Es gibt einen Bus-Ersatzverkehr, der sich laut Plan lose an den Streetcar Routen orientiert. Schade eigentlich. So ne alte Old-School-Straßenbahn wäre ich schon gerne gefahren.
Da ja keine Bahn unterwegs war bin ich nun der Main Street den Schienen entlang gefolgt. Die Häuser entlang der Straße waren teilweise sehr schön. Teils mit vielen Schnörkeln verbaut oder mit Verzierungen draußen dran. Es gibt Grünflecken und große Brunnen wo Kinder drinne rumspringen. In der Adams Avenue mal abgebogen kommt man am Feuer-Museum vorbei, einer großen Polizeistation und schließlich an einen fetten Gerichtsgebäude. Zurück auf der Mainstreet trifft man nach kurzem weiteren Weg auf den Overpass der Interstate.
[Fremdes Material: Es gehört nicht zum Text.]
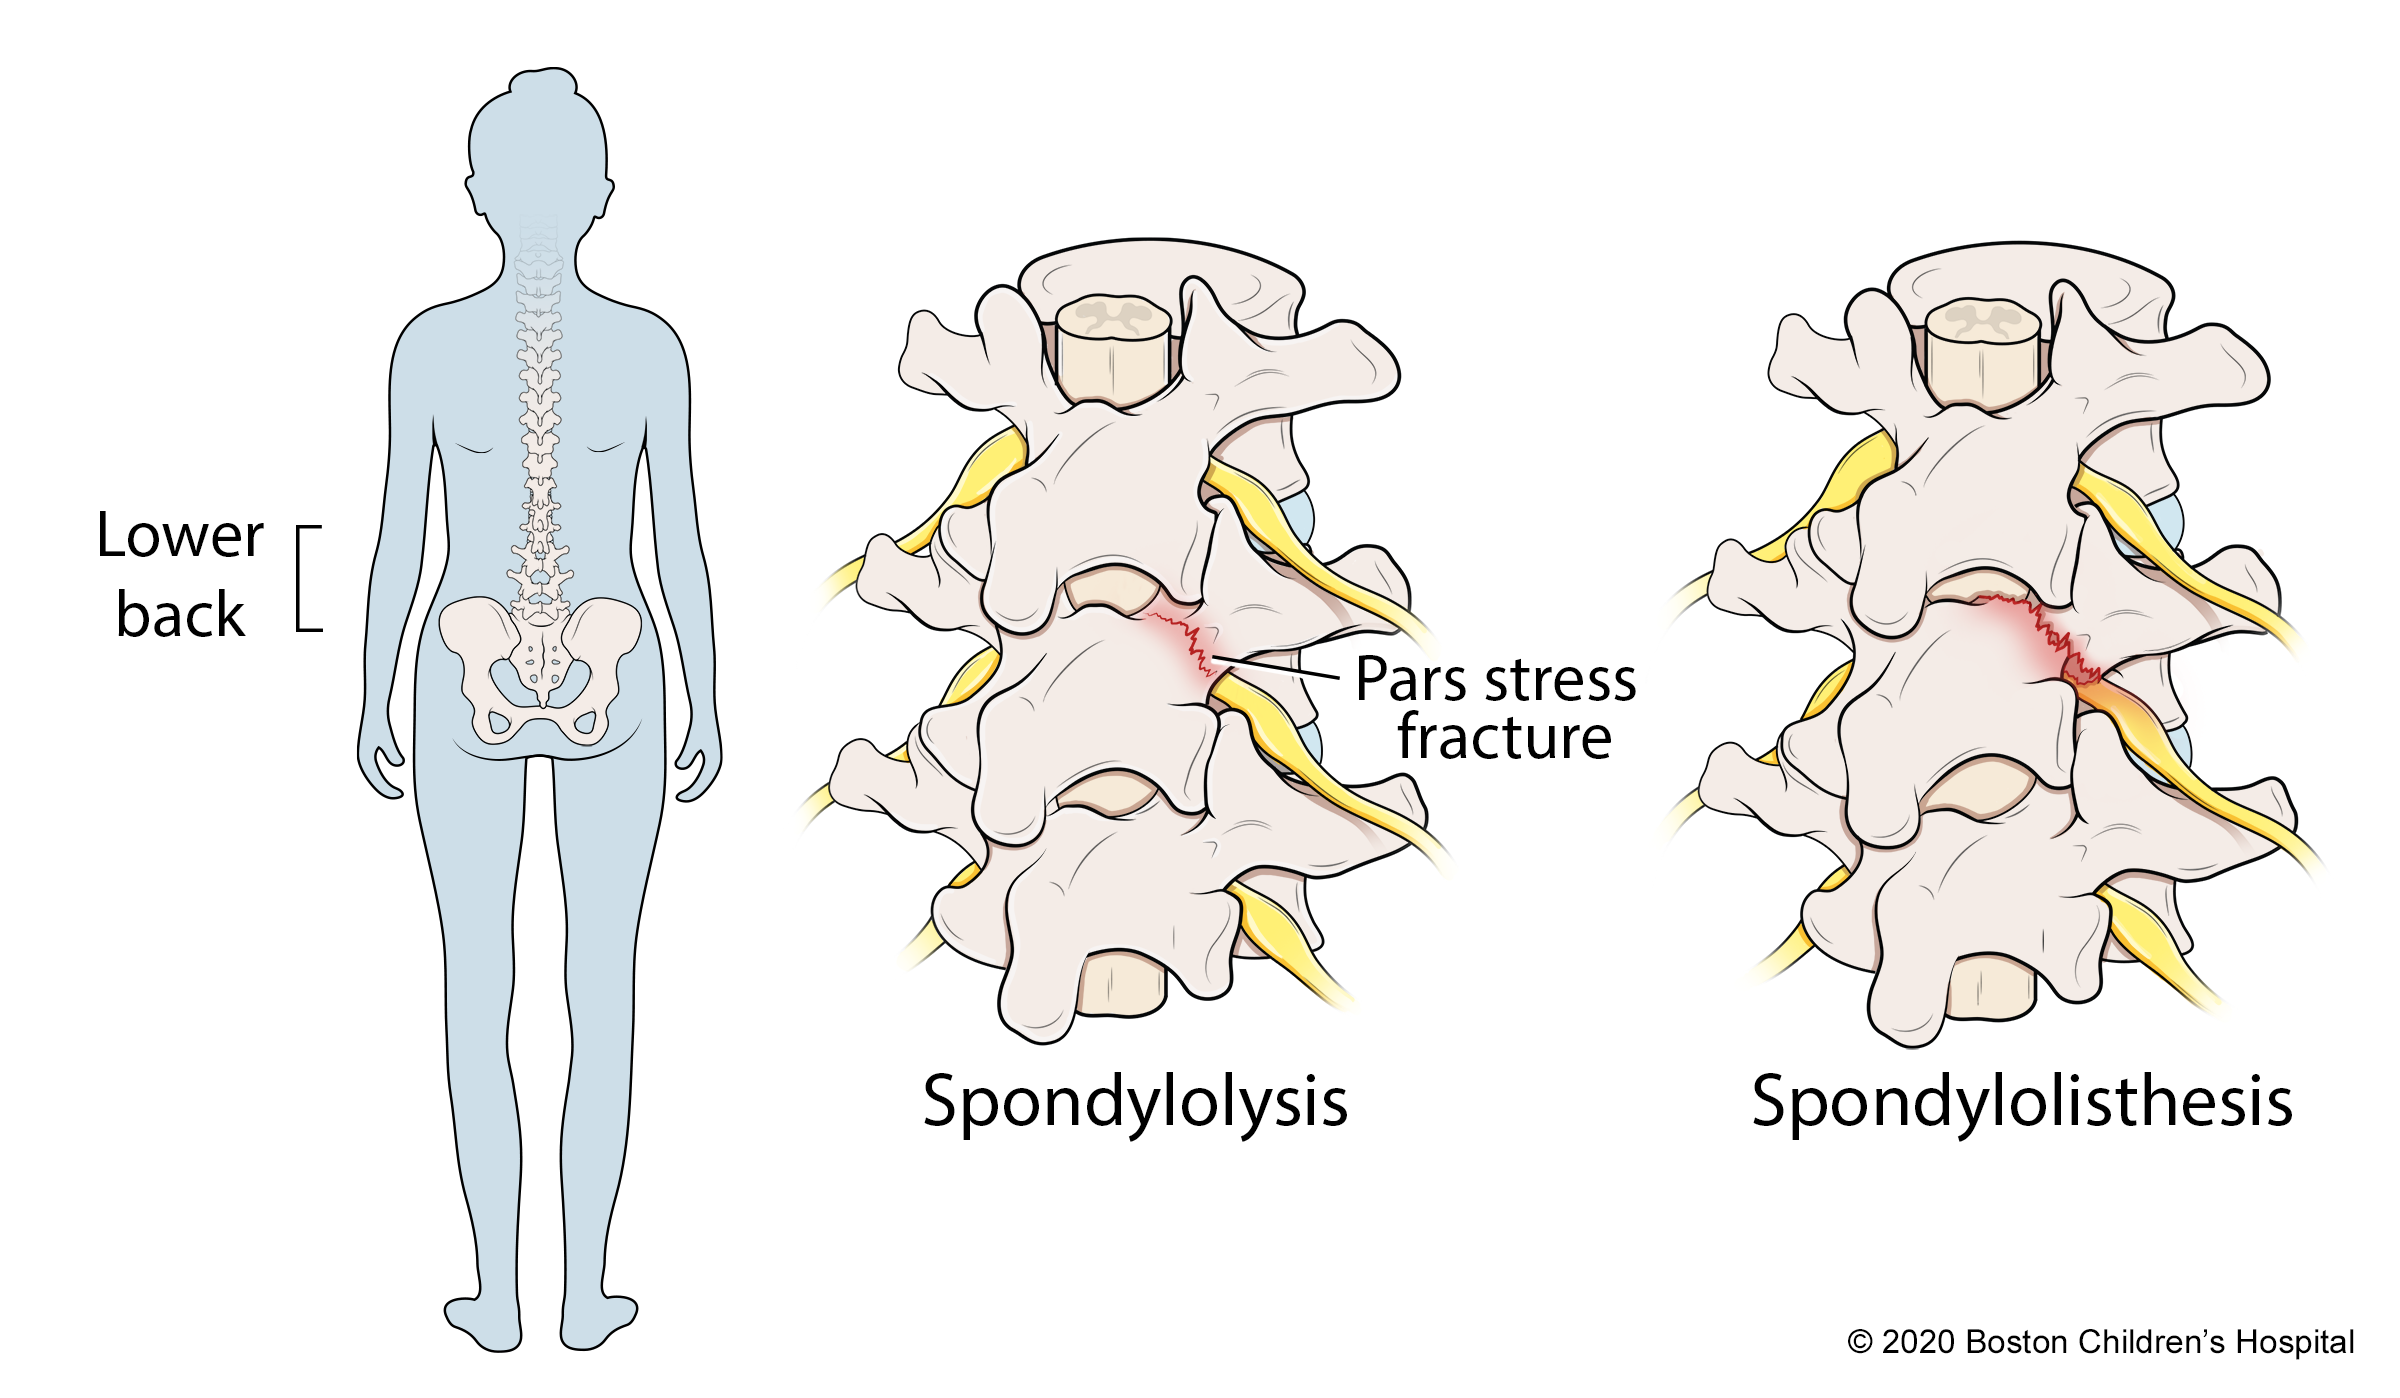 Spondylolysis can progress to spondylolisthesis, as shown in this image.
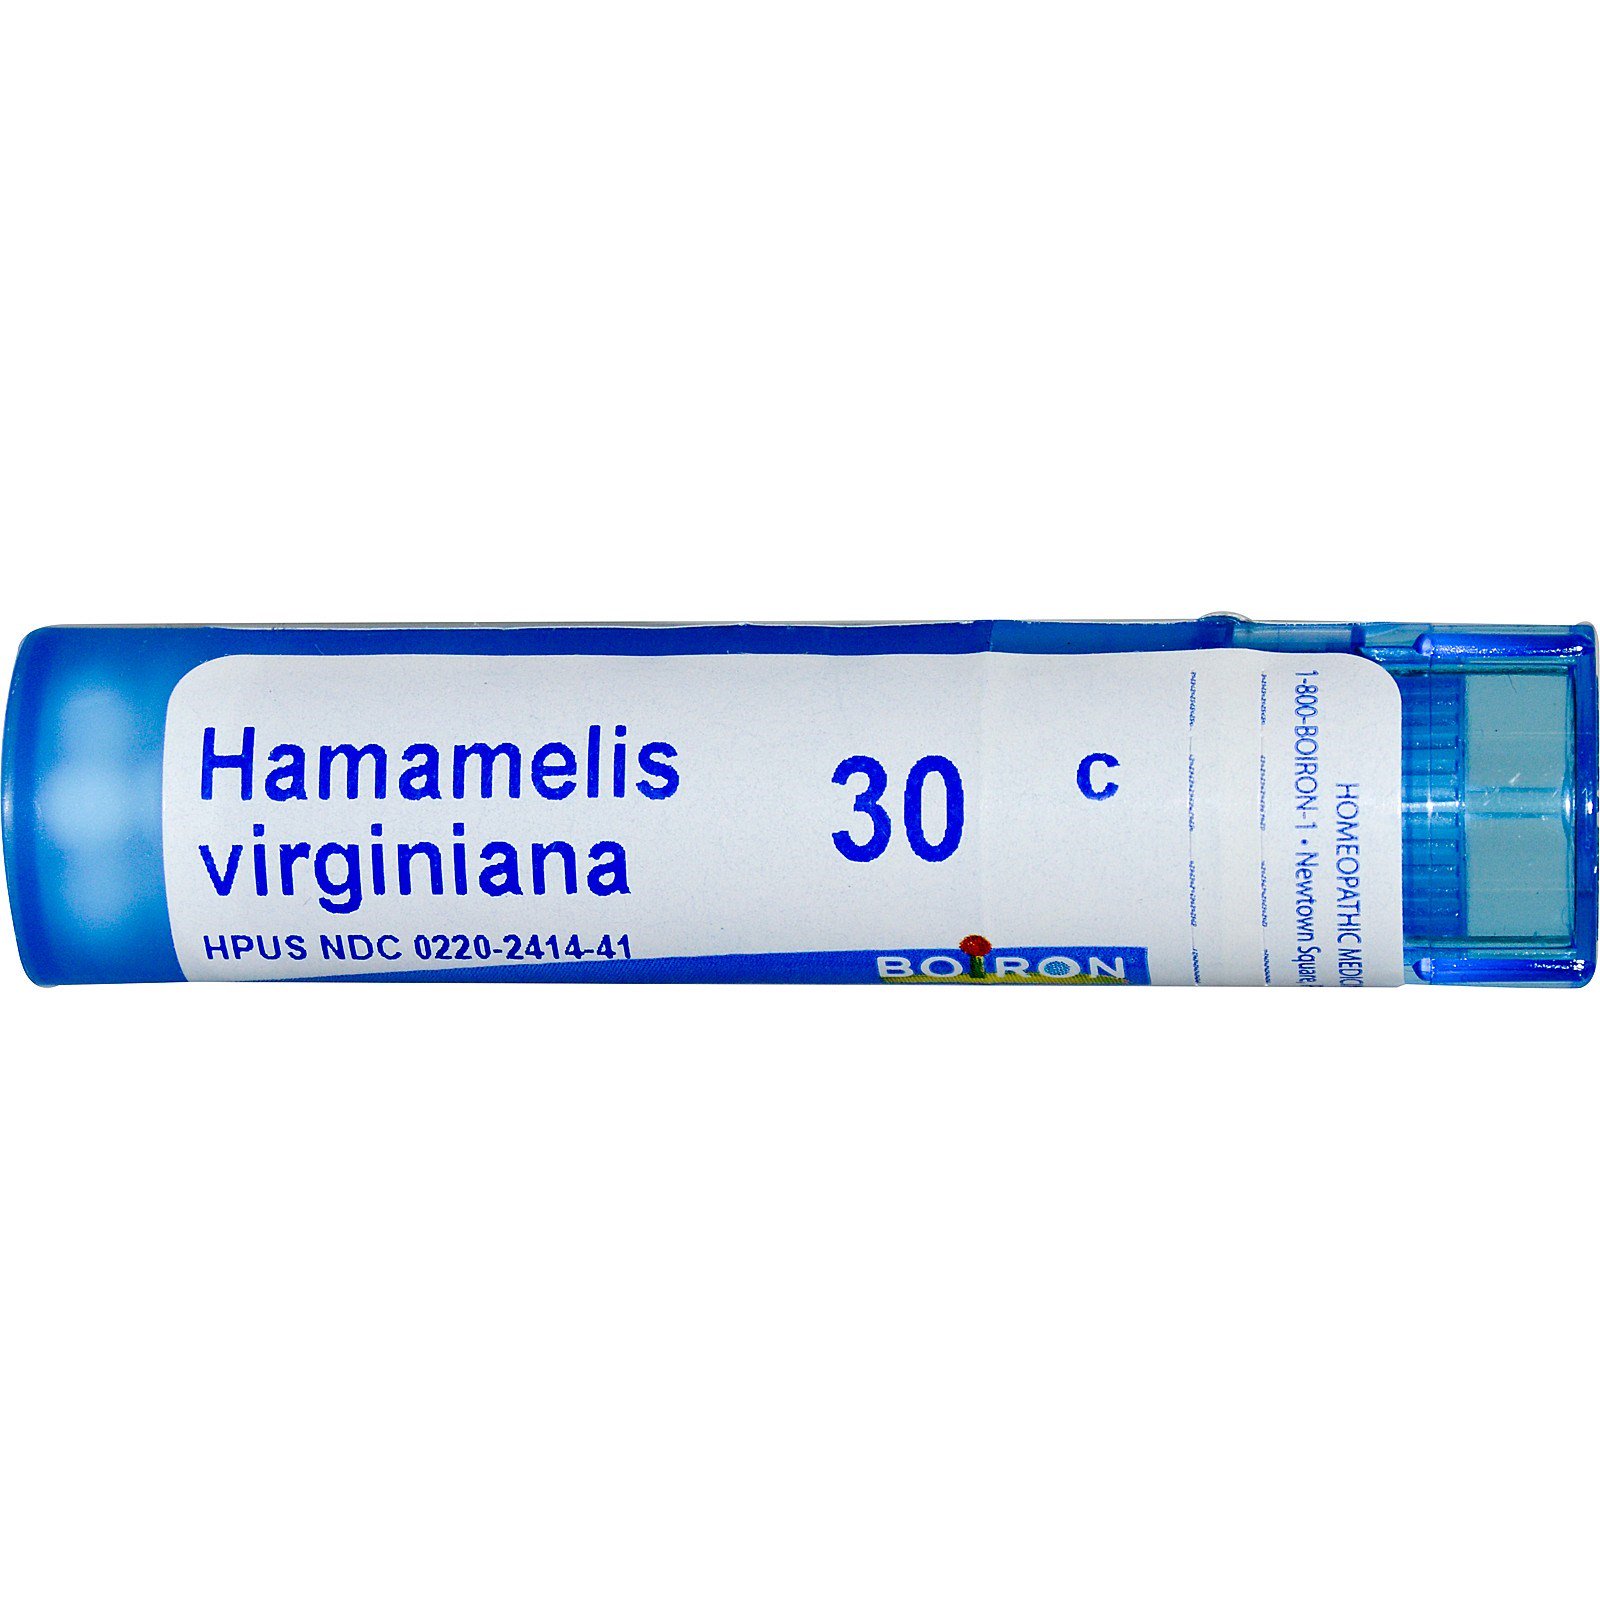 Гамамелис вирджинский, 30 С - пилюли от геморроя

Spätestens ab hier wird die Gegend links und rechts der Straße aber dann doch einigermaßen schnell recht beliebig und fast schon ein kleinwenig schäbig.
Ich habe es noch durchgehalten bis zum Depot der Busgesellschaft wo ich noch schnell zwei Bus-Tageskarten für heute und morgen gekauft habe. Hier unten bin ich rumgedreht, da der weitere Verlauf der Mainstreet nicht sehr vielversprechend aussah. Direkt mal das Busticket aktiviert und mit dem nächsten Bus wieder zurück gefahren. Ausgestiegen bin ich in Höhe des Civic Center. Hier in der Höhe ist eine Straße weiter in der Front Street der Eingang zur Bahn nach Mud Island.
Ich weiß garnicht wie ich genau Mud Island beschreiben soll. Man kann mit einem Bähnchen rüberfahren. Kommt dann in einem fetten Komplex an der irgendwie den Eindruck macht komplett aus Beton gegossen zu sein an. Und irgendwie ist da dann nix. Auf einer der leeren Etagen ist noch ein Museum. Das hätte ich zwar auch im Eintritt dringehabt, aber irgendwie hatte ich heute keine Lust auf Museum. Ansonsten war der restliche Komplex erstaunlich …. leer.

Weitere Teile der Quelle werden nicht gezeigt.